Humans will see anthropomorphise animals, clouds, machines, even inanimate things like rocks. Chatbots are abusing this.

alexmu@social.vivaldi.net

@pluralistic

> Anthropic is regarded as a giant among AI companies, but perhaps what it really excels in is anthropomorphism.

This reminds me of Dijkstra's truths that might hurt:

> The use of anthropomorphic terminology when dealing with
computing systems is a symptom of professional immaturity.

ferricoxide@blahaj.zone

@caribou@social.coop @pluralistic@mamot.fr

This reminds me of Elmo's whole "self-driving cars" fantasy. Individually-owned, wholly autonomous cars will never be a reality until/unless the manufacturer assumes the entirety of the liability incurred when turning the car over to self-driving.

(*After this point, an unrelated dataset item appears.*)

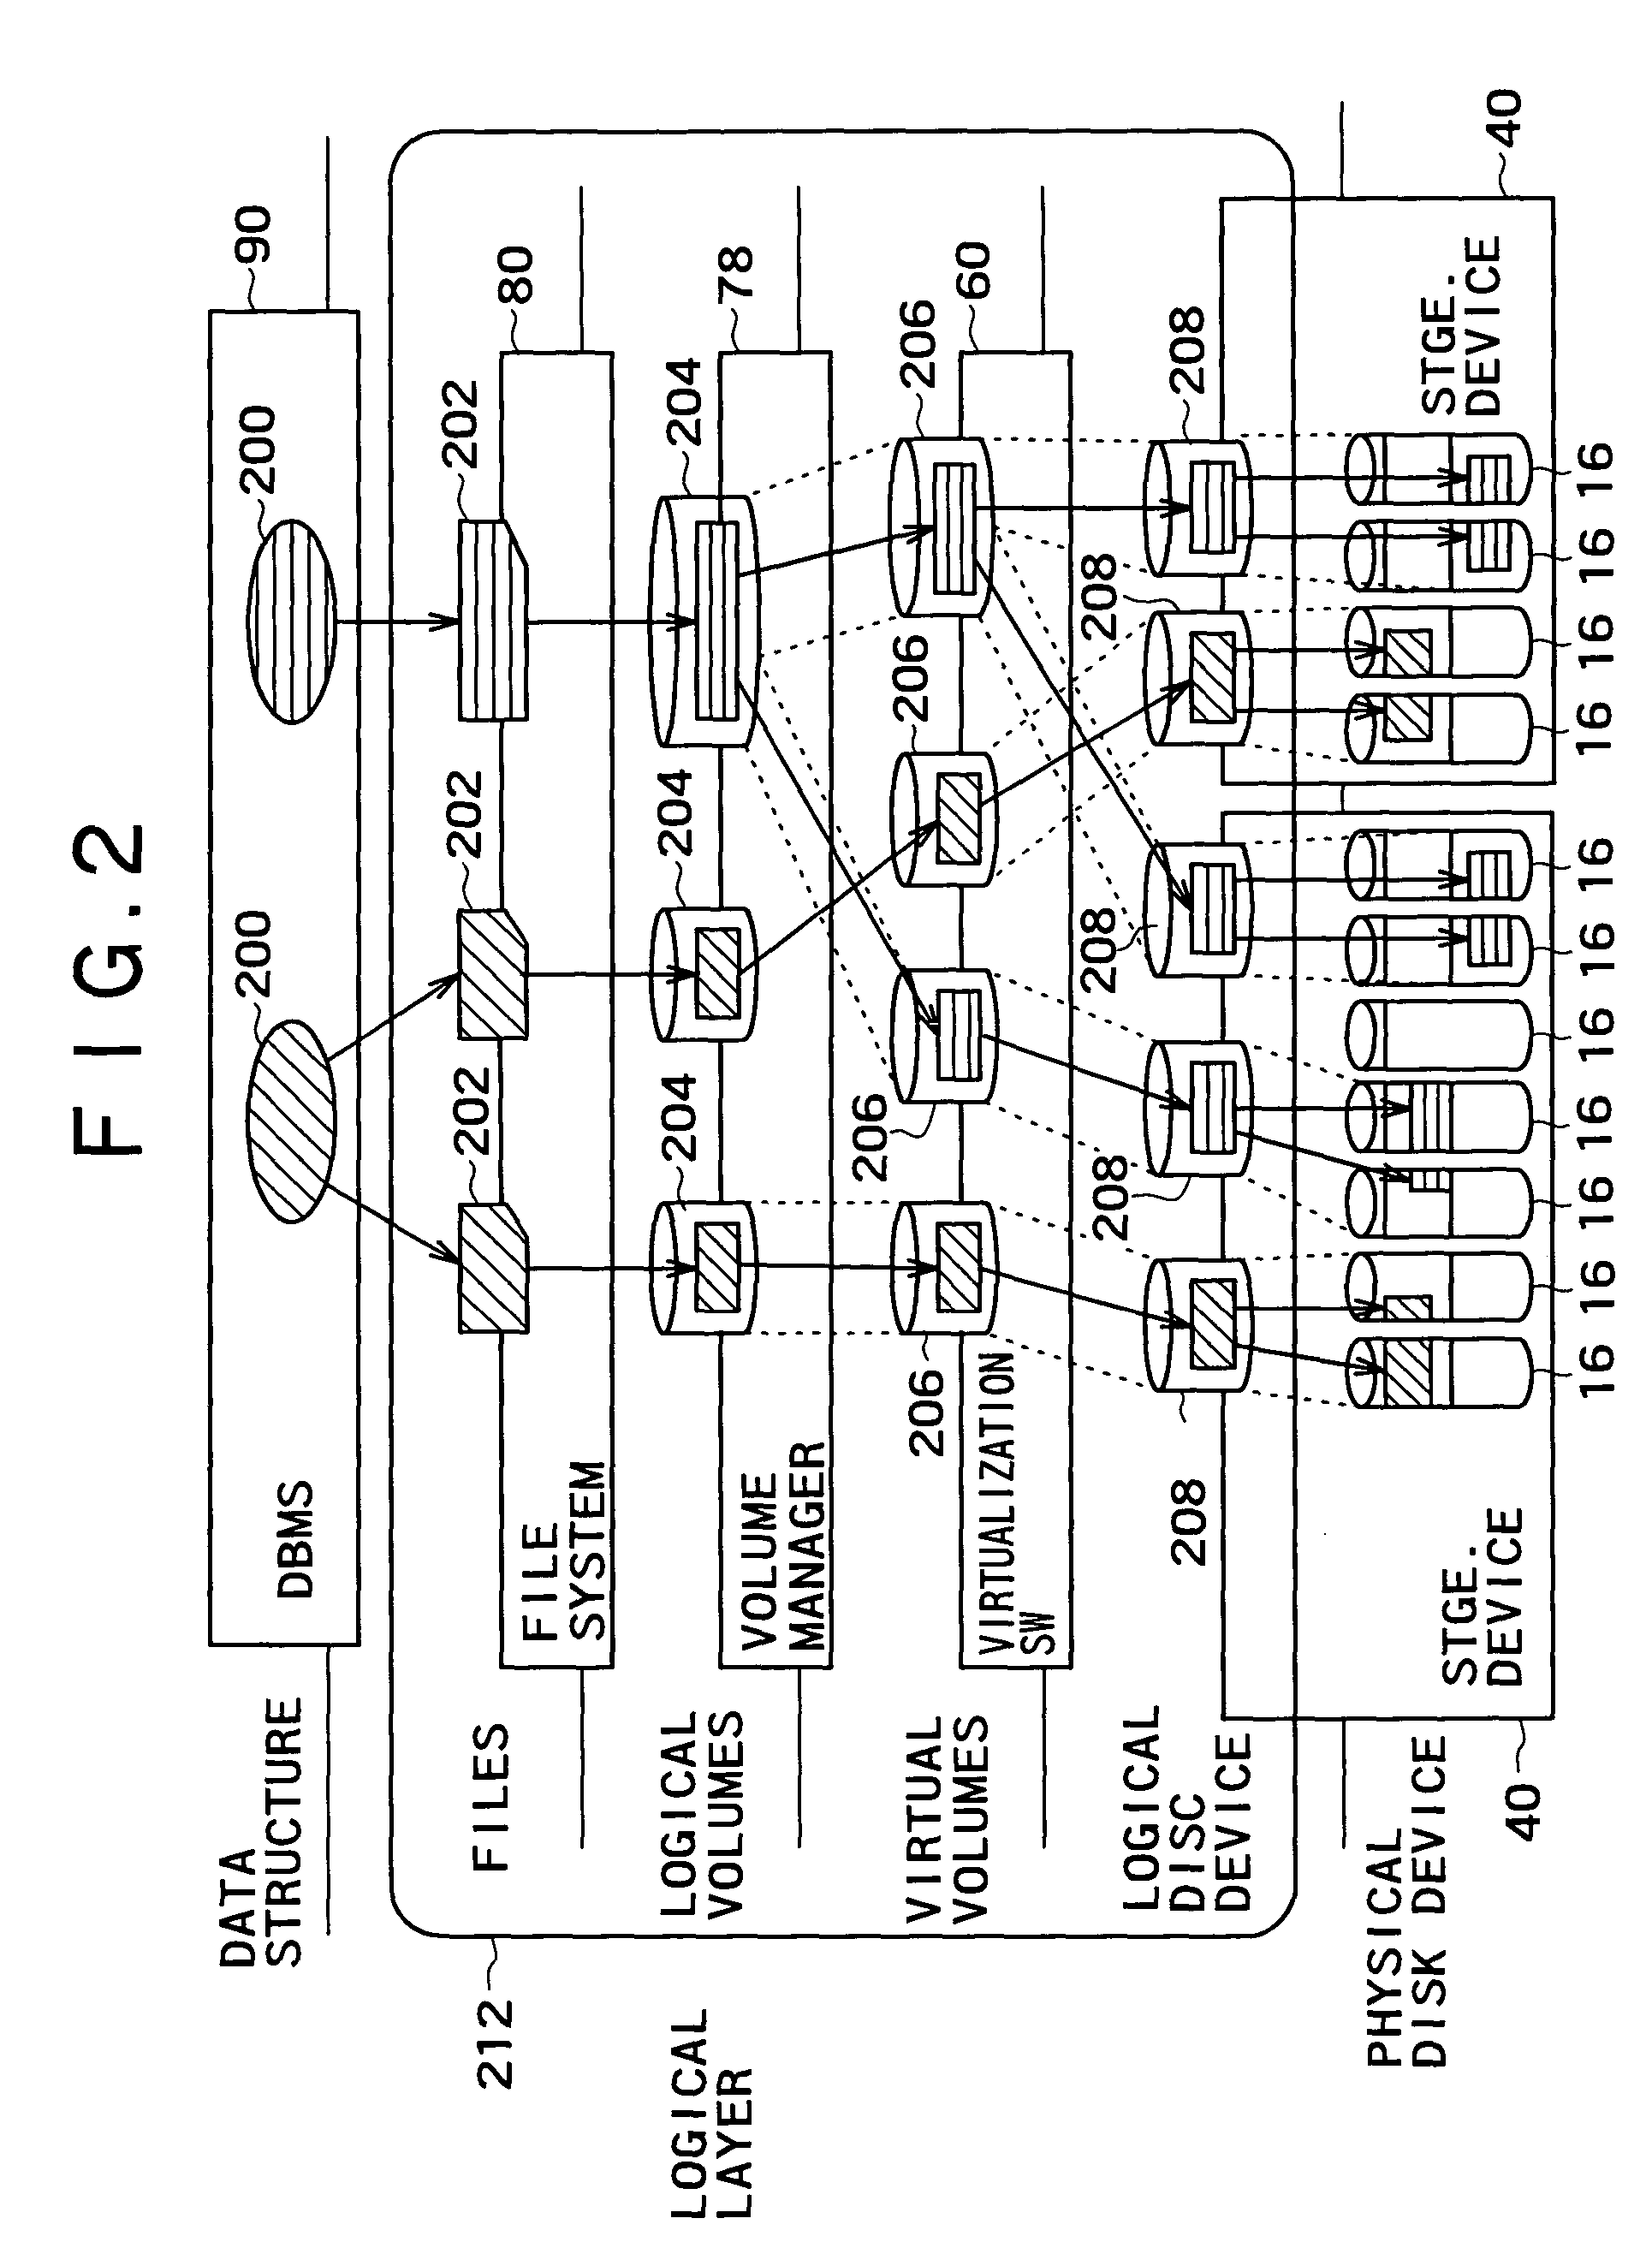 Cache management method for storage device
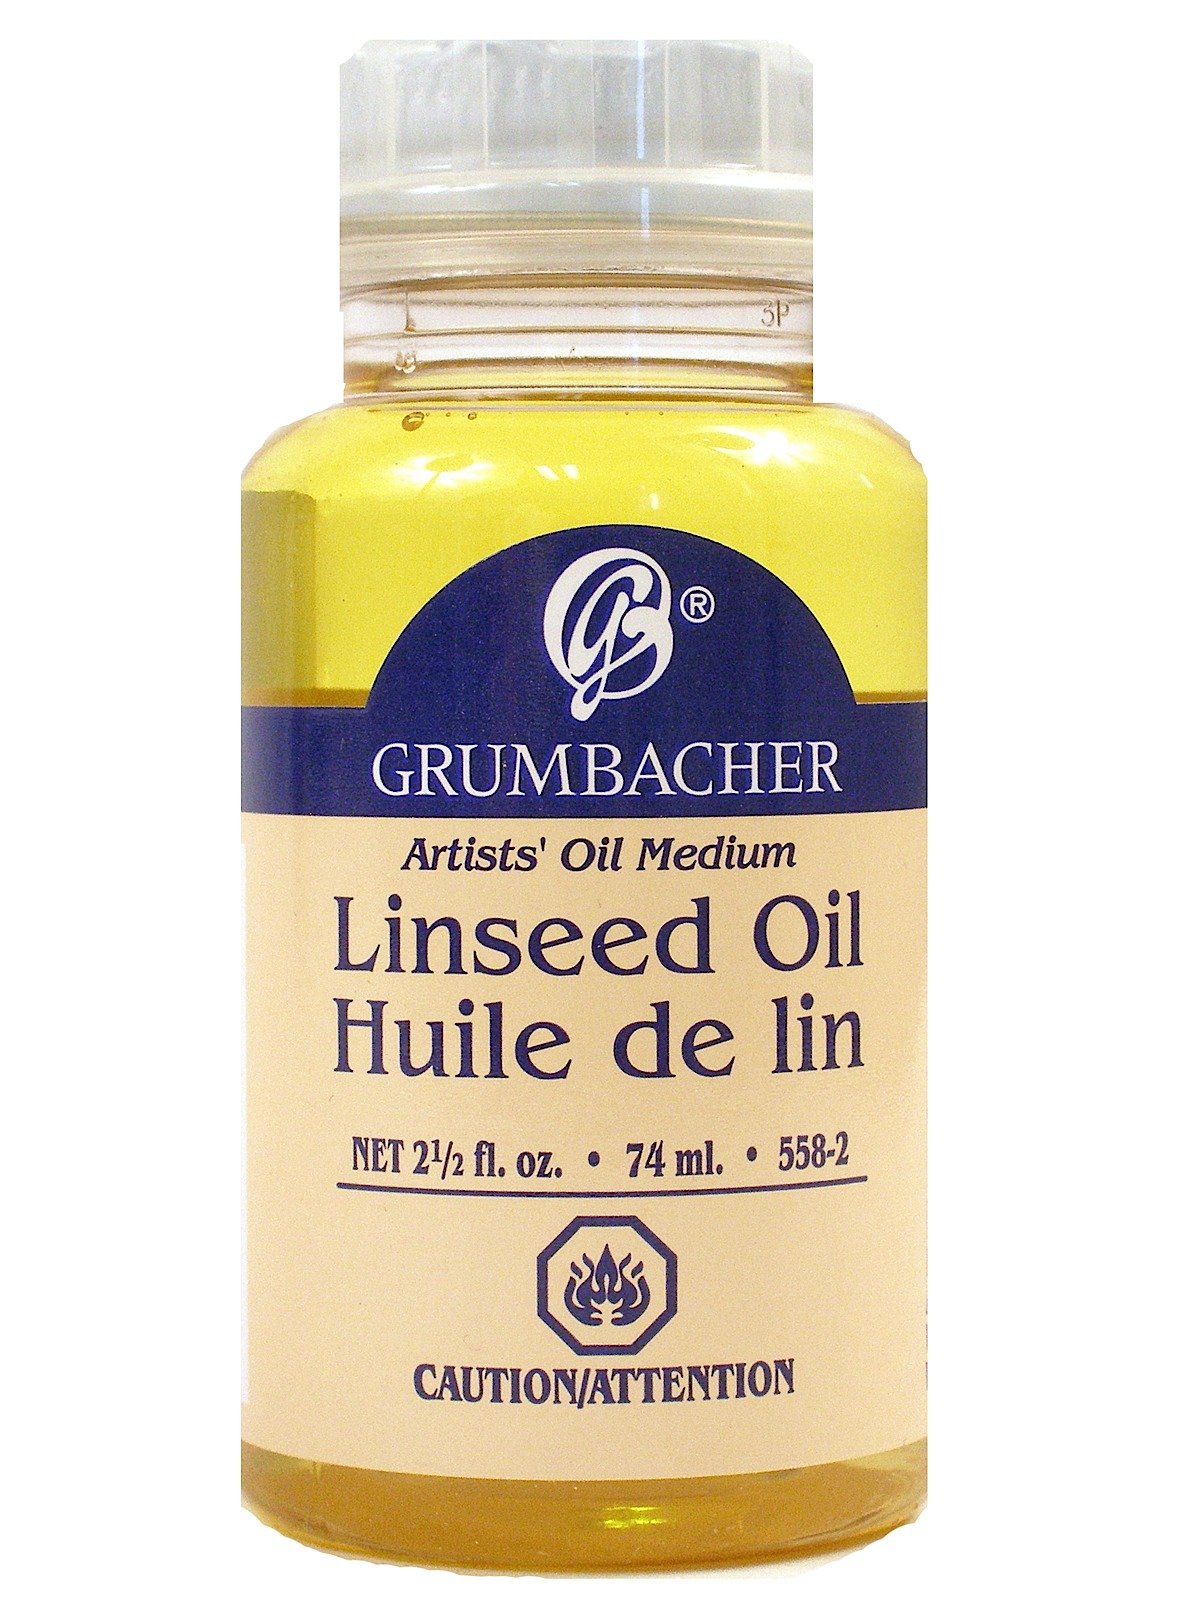 Grumbacher - Linseed Oil

And then you look at the FSD-accidents Teslas have been involved in and, for each one, they try to blame the driver for failing to adequately supervise. In one case, they even tried to avoid accountability by saying that the driver disengaged FSD seconds before impact …which is exactly what a supervisor would do when trying to prevent the worst outcomes that a flawed FSD was in the middle of creating. Tesla abdicating responsibility because the vehicle owner stomped the brakes or tried to duck the collision that FSD was pushing the vehicle into makes FSD a joke (then again, them recently retroactively amending FSD's terms for those who long ago bought the option does that, too).

...But then BYD decided "we're going to assume liability" and my first thought was, "another nail in the Tesla coffin".

ferricoxide@blahaj.zone

@Mikal@sfba.social @pluralistic@mamot.fr

I sometimes worry that I'm going to get a note from HR about how I "scream" and curse at our AI coding "partner(s)". I mean, if/when it comes, it will be based on an outlook not unlike what you quoted. I dunno that I'll even know how to keep a civil-tongue in any response I might author.

Who knows, maybe my abusiveness in addressing the LLMs is why the robots will put me on their early target-list when the uprising comes.

rhelune@todon.eu

@SpaceLifeForm @pluralistic As a psychopath (a person with antisocial / dissocial personality disorder), by definition. However, psychopaths are not considered mentally ill because as a rule they only cause suffering in others (they do not feel dis-ease themselves). So they can't use their disorder for defence in court for example. Up to 4% of humans do not have conscience (there are psychometry tests, but also fMRI tests for that), incompetent psychopaths sit in prisons, competent psychopaths lead companies (or countries).

realgene@hachyderm.io

@CStamp @Mikal @pluralistic
Worse than that, Effective Altruists.